- WHAT THE EXERCISE ASKS -
The lines from the top of the listing through the one containing "René Vautier en 1973 © rene-vautier.fr" are to be retyped exactly, with no other lines.

- DATA SHOWN -
--------------------

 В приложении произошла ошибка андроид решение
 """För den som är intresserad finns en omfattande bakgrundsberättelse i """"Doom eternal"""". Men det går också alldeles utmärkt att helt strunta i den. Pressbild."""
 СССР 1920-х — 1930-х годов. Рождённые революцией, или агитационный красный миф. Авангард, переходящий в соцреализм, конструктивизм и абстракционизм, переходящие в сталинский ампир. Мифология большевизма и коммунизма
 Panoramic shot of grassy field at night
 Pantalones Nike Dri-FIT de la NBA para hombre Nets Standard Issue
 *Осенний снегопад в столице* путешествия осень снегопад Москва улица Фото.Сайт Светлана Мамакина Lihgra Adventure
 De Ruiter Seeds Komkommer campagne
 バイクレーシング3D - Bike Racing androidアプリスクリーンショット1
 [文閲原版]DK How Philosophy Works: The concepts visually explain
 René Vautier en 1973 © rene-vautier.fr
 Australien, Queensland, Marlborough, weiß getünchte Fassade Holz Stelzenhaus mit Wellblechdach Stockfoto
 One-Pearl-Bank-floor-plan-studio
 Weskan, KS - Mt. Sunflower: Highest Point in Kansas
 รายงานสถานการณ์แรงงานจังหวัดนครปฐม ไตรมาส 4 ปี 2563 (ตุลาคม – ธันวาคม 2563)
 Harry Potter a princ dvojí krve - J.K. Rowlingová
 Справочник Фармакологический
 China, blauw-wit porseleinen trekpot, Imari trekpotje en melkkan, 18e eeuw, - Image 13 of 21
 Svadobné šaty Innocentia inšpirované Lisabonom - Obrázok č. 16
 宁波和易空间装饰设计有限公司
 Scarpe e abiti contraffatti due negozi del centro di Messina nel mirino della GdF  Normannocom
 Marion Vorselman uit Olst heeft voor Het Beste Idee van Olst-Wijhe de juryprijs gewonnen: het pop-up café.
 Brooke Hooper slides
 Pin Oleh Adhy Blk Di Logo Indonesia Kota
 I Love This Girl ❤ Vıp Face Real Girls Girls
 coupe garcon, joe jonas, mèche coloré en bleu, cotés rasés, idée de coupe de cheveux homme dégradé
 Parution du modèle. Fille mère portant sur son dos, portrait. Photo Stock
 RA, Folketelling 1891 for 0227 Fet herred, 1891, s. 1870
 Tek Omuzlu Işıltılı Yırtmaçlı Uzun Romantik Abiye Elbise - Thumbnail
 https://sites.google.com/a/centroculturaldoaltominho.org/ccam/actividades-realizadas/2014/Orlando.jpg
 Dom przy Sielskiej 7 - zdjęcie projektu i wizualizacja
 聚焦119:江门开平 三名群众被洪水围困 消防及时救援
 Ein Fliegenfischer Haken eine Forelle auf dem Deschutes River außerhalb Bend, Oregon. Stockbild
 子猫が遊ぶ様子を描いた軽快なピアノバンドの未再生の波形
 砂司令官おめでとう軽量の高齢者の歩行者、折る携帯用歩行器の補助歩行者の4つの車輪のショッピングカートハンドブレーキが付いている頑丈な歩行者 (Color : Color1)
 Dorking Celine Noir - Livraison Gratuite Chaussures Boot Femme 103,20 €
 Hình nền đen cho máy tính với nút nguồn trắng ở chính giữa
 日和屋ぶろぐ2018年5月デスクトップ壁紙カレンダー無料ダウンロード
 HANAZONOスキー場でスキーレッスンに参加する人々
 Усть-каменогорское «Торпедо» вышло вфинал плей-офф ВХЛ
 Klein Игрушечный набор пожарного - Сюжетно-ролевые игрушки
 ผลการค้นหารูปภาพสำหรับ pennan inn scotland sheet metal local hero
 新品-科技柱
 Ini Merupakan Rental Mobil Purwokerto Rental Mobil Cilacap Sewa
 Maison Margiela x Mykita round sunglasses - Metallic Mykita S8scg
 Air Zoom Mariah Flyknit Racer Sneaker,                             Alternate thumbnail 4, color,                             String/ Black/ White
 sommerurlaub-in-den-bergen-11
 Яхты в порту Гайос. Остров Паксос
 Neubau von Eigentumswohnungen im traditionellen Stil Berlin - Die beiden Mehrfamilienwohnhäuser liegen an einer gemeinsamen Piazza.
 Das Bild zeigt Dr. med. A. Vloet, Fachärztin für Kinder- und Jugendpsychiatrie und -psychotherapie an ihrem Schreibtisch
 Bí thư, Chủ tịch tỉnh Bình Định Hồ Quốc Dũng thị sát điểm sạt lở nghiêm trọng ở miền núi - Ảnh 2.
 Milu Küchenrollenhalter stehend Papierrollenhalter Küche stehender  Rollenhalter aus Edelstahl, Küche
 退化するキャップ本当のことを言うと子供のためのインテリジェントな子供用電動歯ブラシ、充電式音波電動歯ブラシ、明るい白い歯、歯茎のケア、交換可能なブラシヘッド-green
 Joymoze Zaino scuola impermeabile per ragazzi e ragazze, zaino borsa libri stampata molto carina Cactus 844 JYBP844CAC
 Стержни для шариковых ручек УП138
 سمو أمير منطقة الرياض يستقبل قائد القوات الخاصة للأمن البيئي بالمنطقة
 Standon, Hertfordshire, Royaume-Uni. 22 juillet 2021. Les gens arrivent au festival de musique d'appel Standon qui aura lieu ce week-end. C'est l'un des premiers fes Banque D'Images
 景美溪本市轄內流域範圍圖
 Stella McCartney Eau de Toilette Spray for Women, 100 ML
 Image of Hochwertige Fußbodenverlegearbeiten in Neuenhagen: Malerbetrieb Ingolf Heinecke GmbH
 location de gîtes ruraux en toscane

--------------------

- SOLVED EXERCISE -
 В приложении произошла ошибка андроид решение
 """För den som är intresserad finns en omfattande bakgrundsberättelse i """"Doom eternal"""". Men det går också alldeles utmärkt att helt strunta i den. Pressbild."""
 СССР 1920-х — 1930-х годов. Рождённые революцией, или агитационный красный миф. Авангард, переходящий в соцреализм, конструктивизм и абстракционизм, переходящие в сталинский ампир. Мифология большевизма и коммунизма
 Panoramic shot of grassy field at night
 Pantalones Nike Dri-FIT de la NBA para hombre Nets Standard Issue
 *Осенний снегопад в столице* путешествия осень снегопад Москва улица Фото.Сайт Светлана Мамакина Lihgra Adventure
 De Ruiter Seeds Komkommer campagne
 バイクレーシング3D - Bike Racing androidアプリスクリーンショット1
 [文閲原版]DK How Philosophy Works: The concepts visually explain
 René Vautier en 1973 © rene-vautier.fr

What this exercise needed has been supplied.